DATASET EXTRACT:

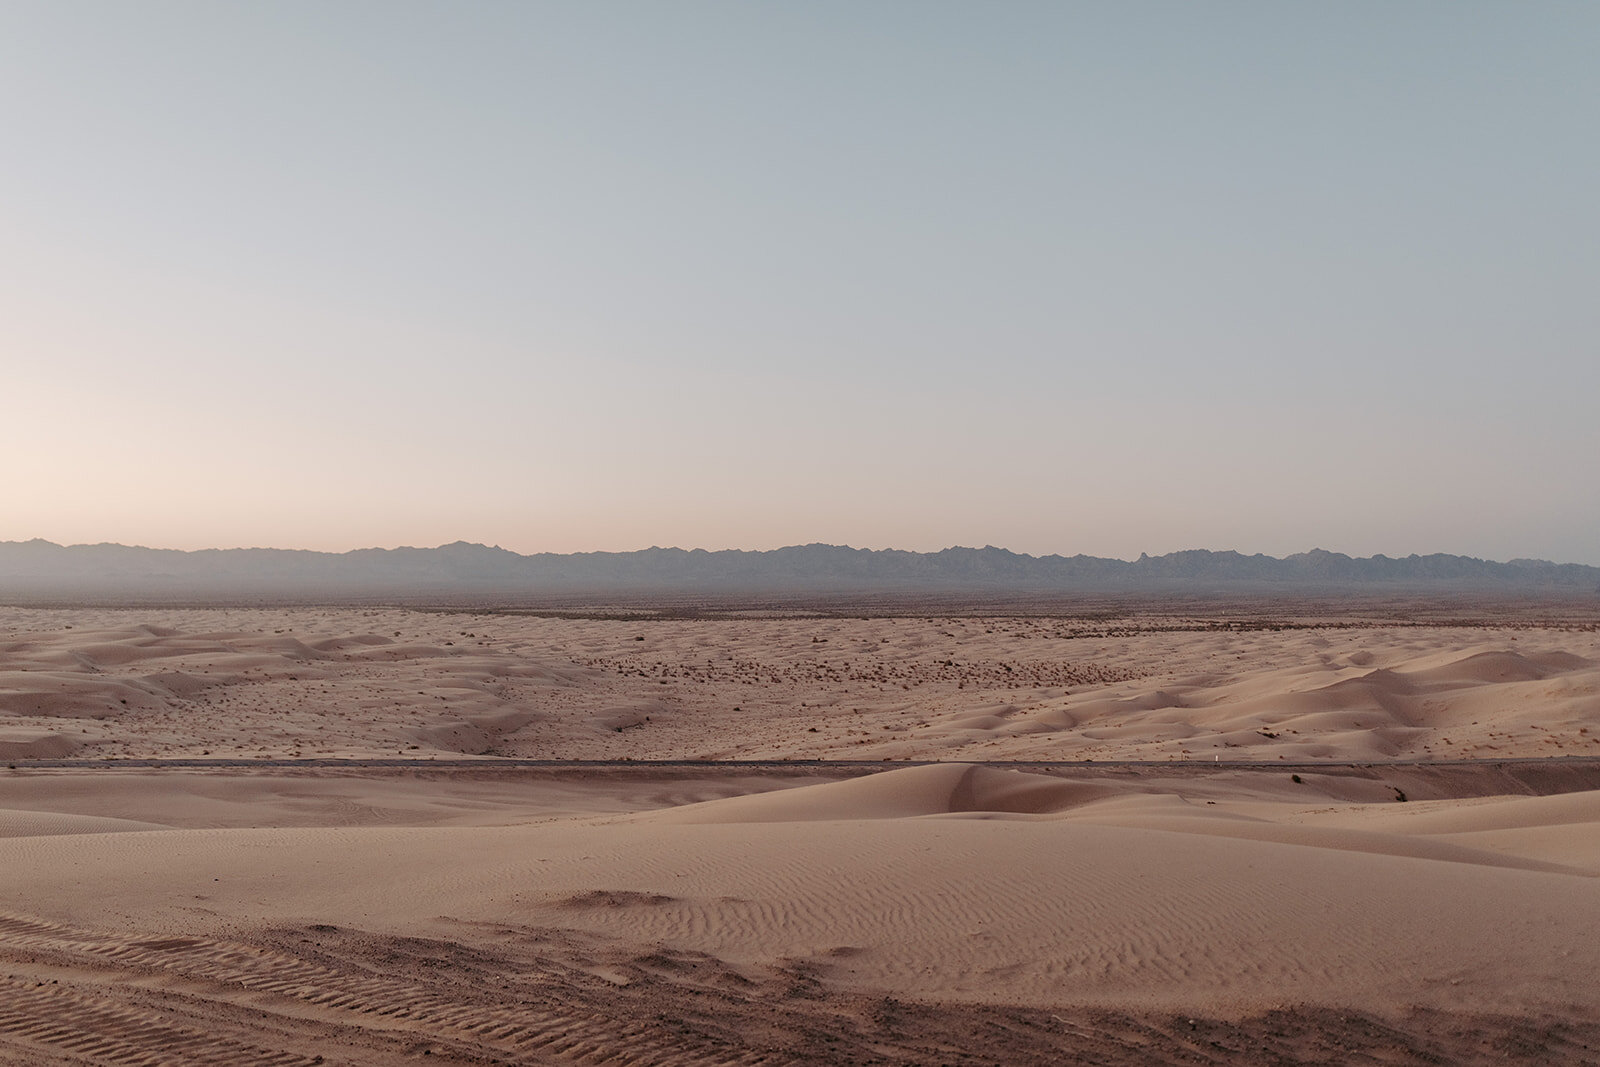 The Imperial Sand Dunes are just a day trip away from major cities
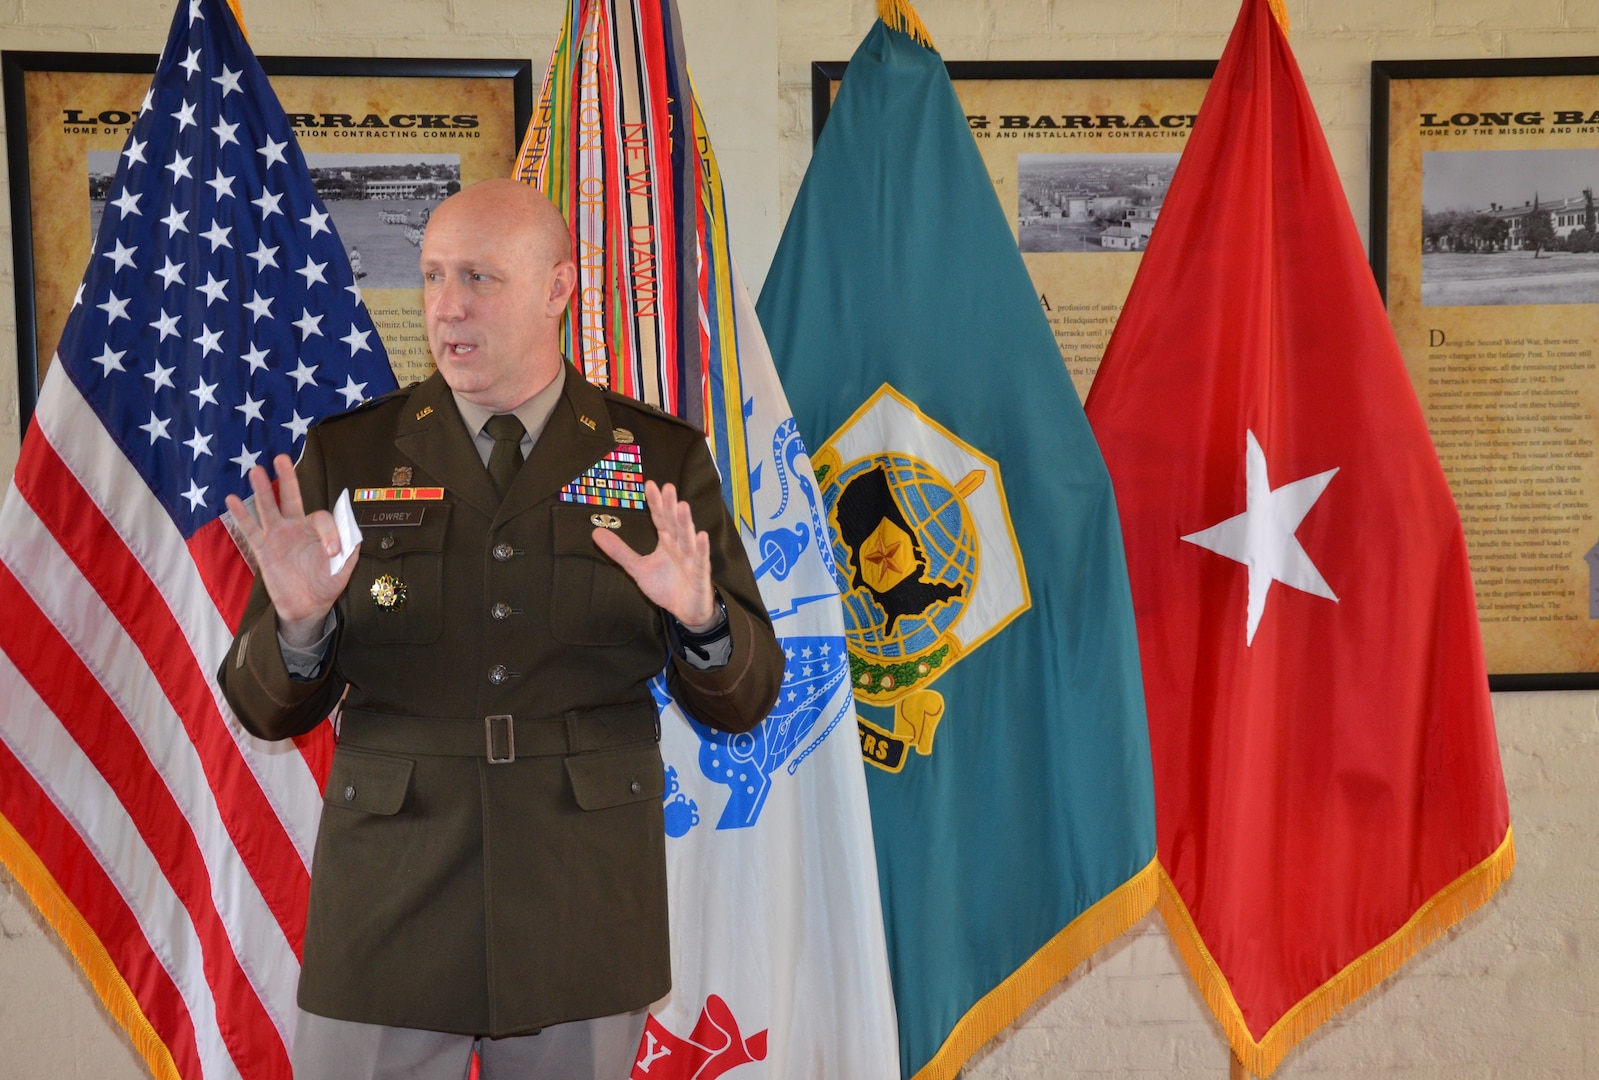 Army announces MICC leader confirmation for second star
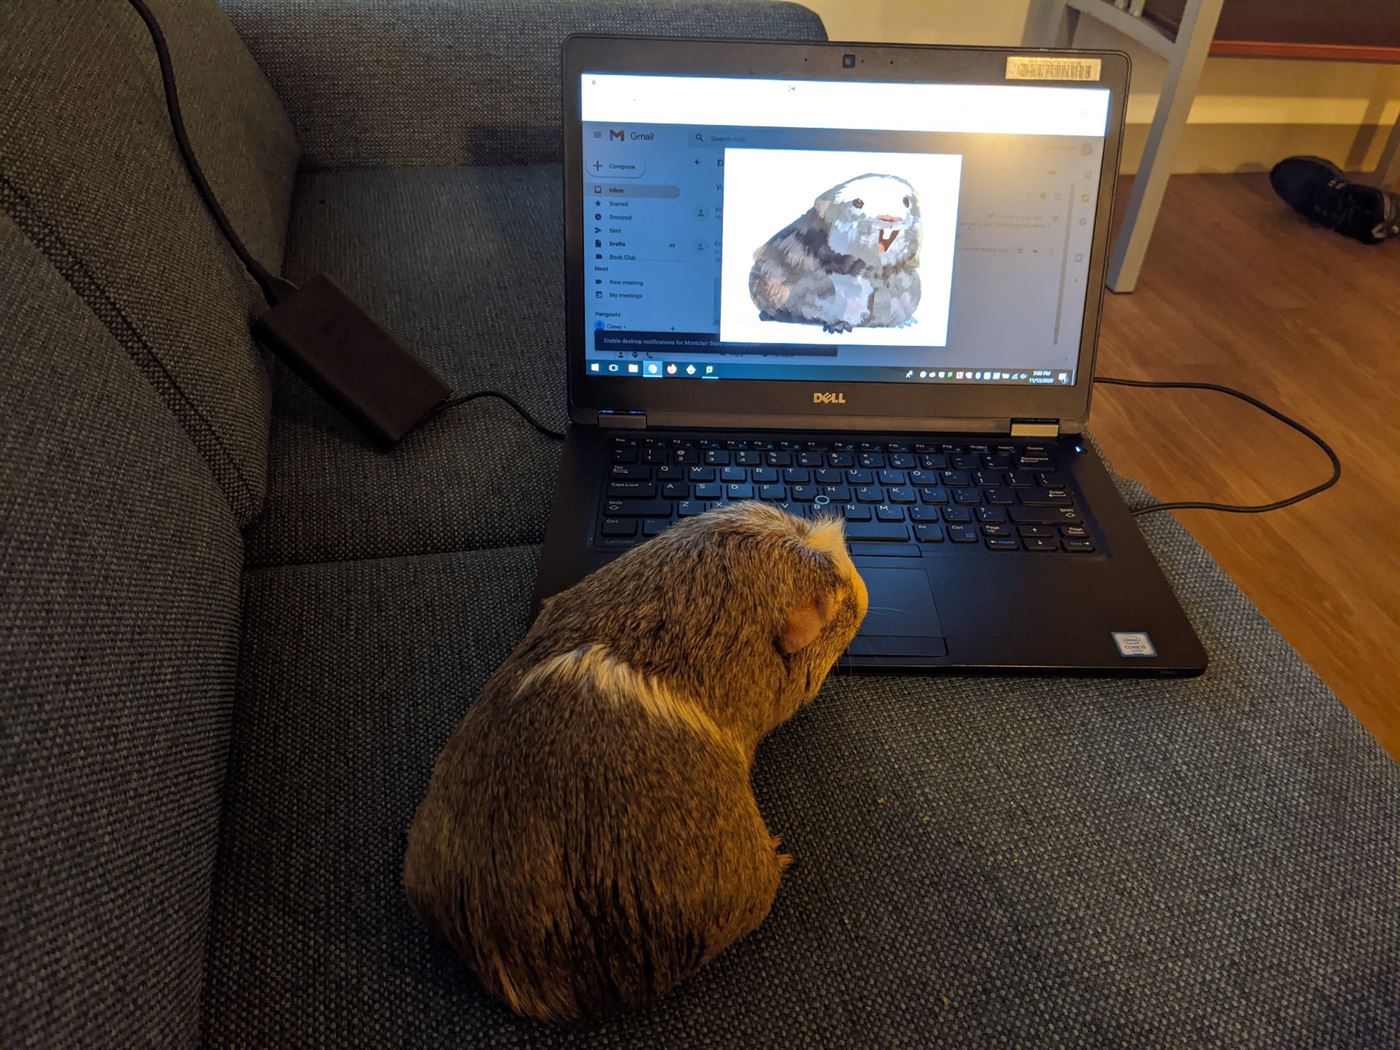 Wicket enjoys the gif of himself on my rental laptop. Casey Masterson | The Montclarion
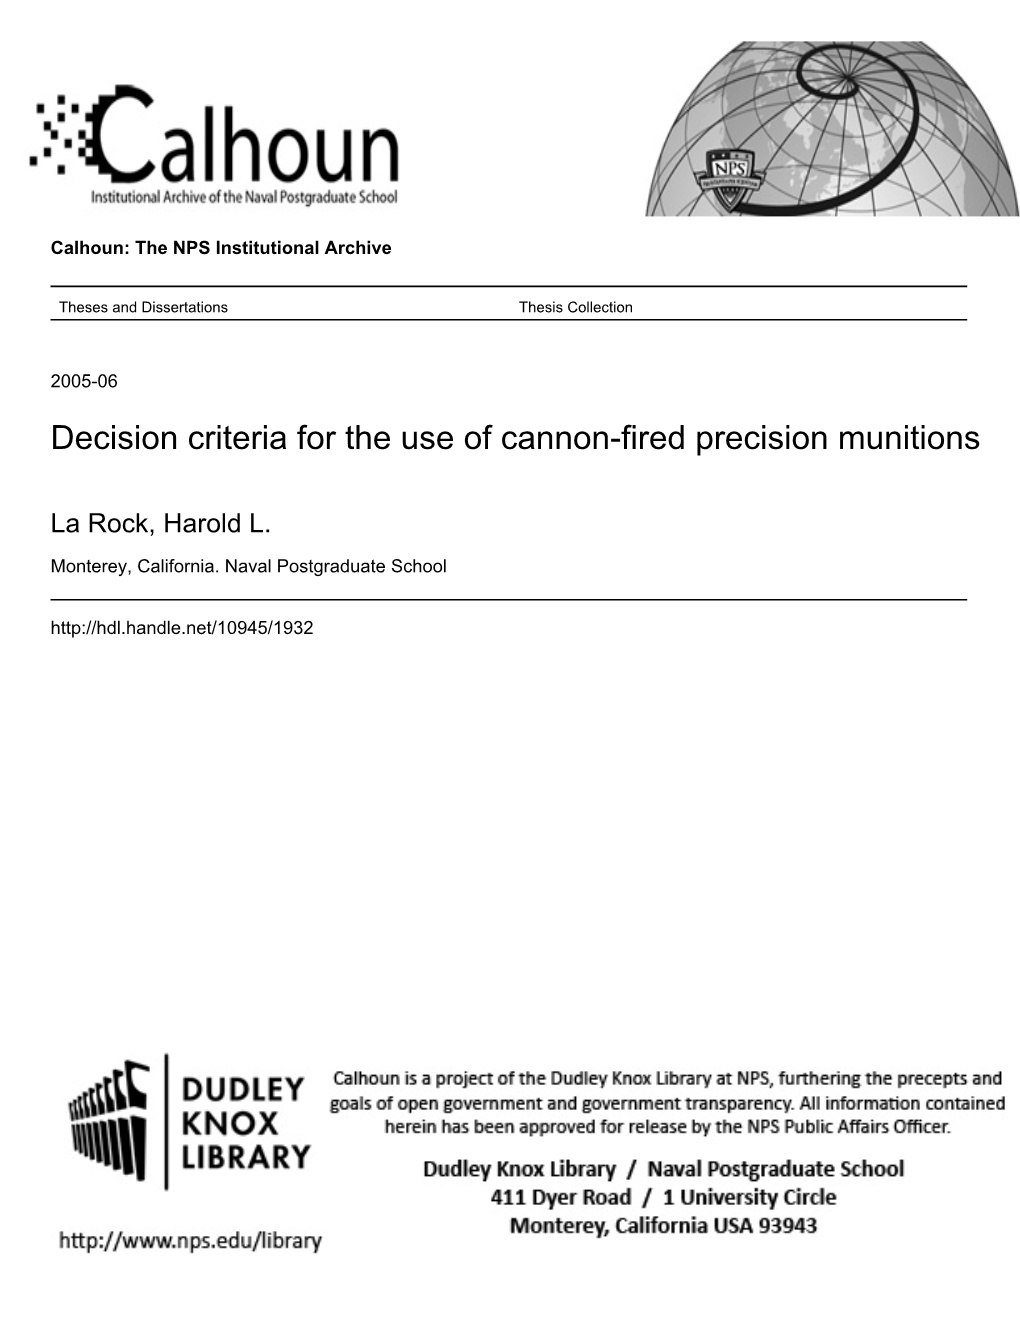 Decision Criteria for the Use of Cannon-Fired Precision Munitions

TASK: Exclude all pictures and return precisely the lines from the one containing "Wicket enjoys the" through the closing line of the data.

EXERCISE RESPONSE:
 Wicket enjoys the gif of himself on my rental laptop. Casey Masterson | The Montclarion
 Decision Criteria for the Use of Cannon-Fired Precision Munitions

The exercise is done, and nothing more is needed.